Они залегли в траве, но отсюда птиц не было видно. Луг широким вымахом разворачивало и уносило вниз от горы. Он сливался с бесконечными далями, едва перехватываемыми дымным лесом. У самого горизонта. В ясную погоду лес жирной чертой пересекал равнину. Отсюда до него был целый день ходу. Не меньше. За лугом осела кое-какая поросль. Не деревья, а так, ветвистый разностей. Он густел по оврагам над бурой воспалённой землёй. Треснувшей глубокими сухими шрамами. Только в период дождей земля здесь размокала и наплывала по оврагам грязью. А весной в оврагах подолгу держалась вода. Земляные просечины тянулись до самой деревни Ситы, сходясь одним могучим земляным рубцом.

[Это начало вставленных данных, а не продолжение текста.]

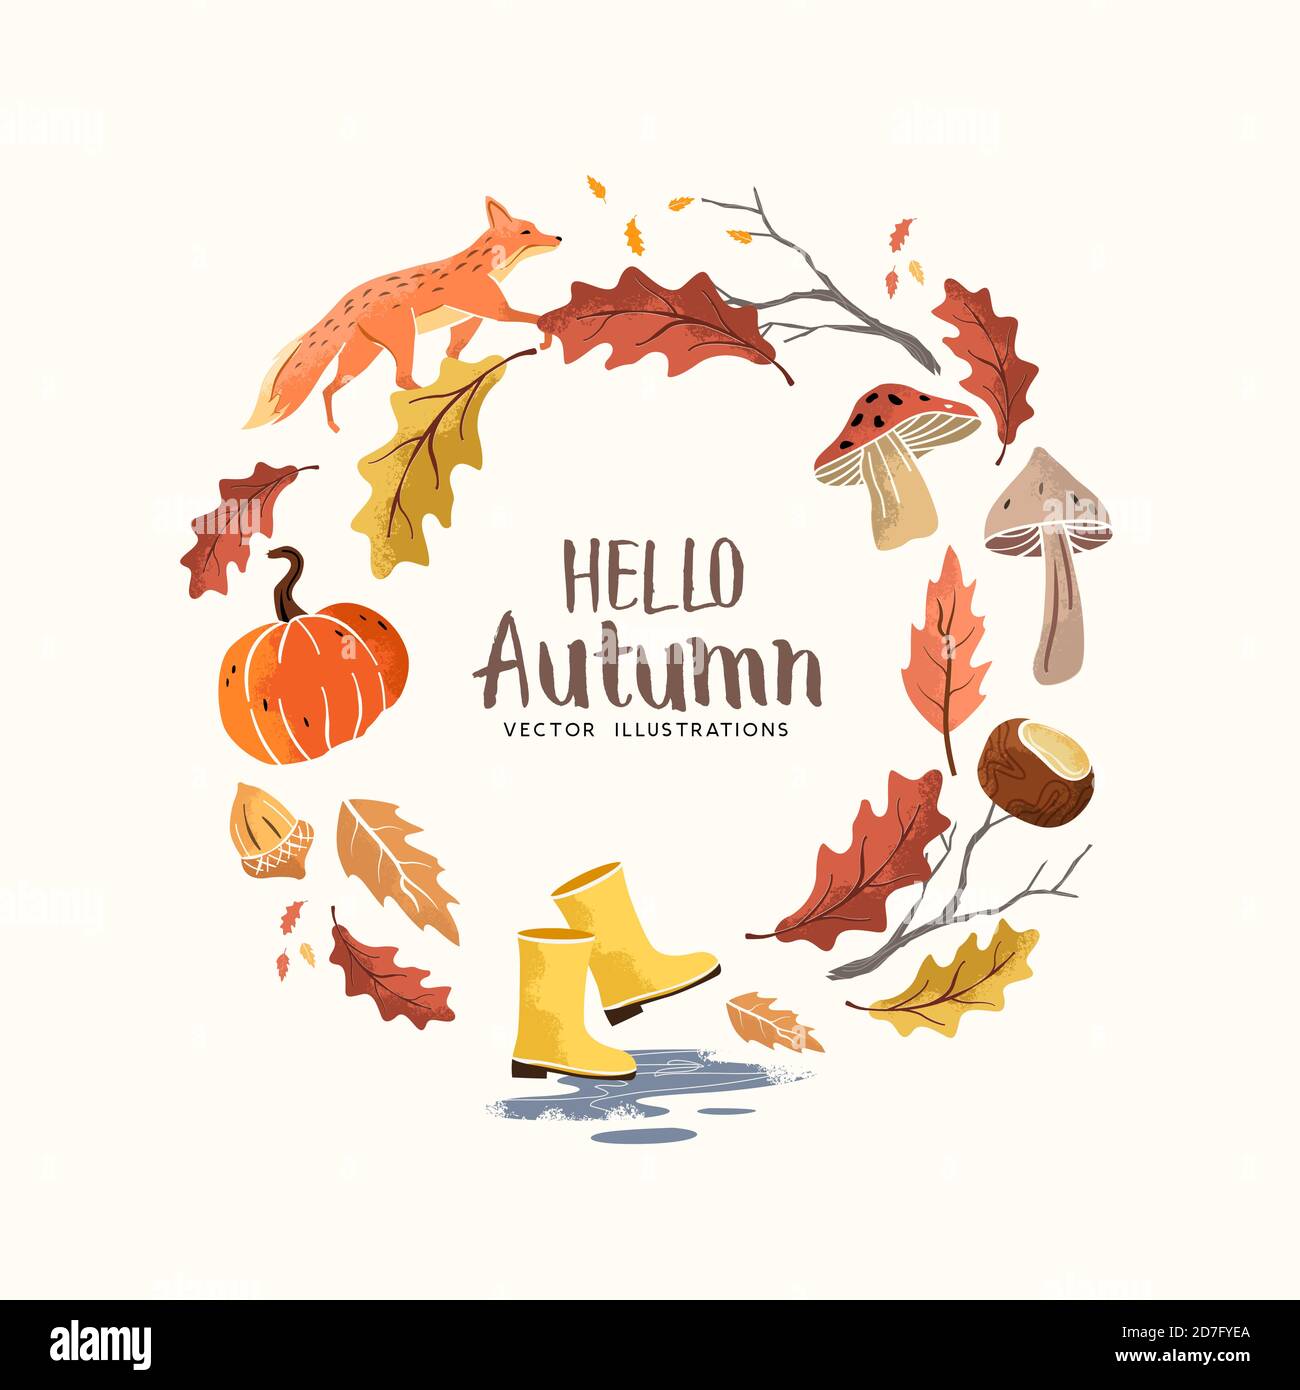 Bonjour automne! les éléments saisonniers de l'automne avec des feuilles, des noix et des champignons. Illustration du vecteur de Thanksgiving et de la moisson Illustration de Vecteur

Кто-то из вайшей разжёг костёр на этой грязи. Когда она просохла, то не уступала по твёрдости камню. Вайши стали лепить из неё миски, обжигать на огне, но миски получались слишком хрупкие. Ничто пока по прочности не могло сравниться с морёным тутовником. Плошки и котелки из него не загорались от языков пламени и не прогорали на углях.
Гарджа и Индра ползли по траве поближе к воркушьему выгулу. Индра устал и закапризничал.
– Потерпи, уже скоро, – взялся его уговаривать воин. Индра не хотел ползти.
– Птицы заприметят нас и улетят, – настаивал Гарджа. Ребёнка это не убеждало.
– Ты хочешь быть дикой кошкой, рыскуном, которые охотятся по оврагам?
– Хочу! – вдохновился Индра. – Я – дикая кошка, я рыскун, который охотится по оврагам!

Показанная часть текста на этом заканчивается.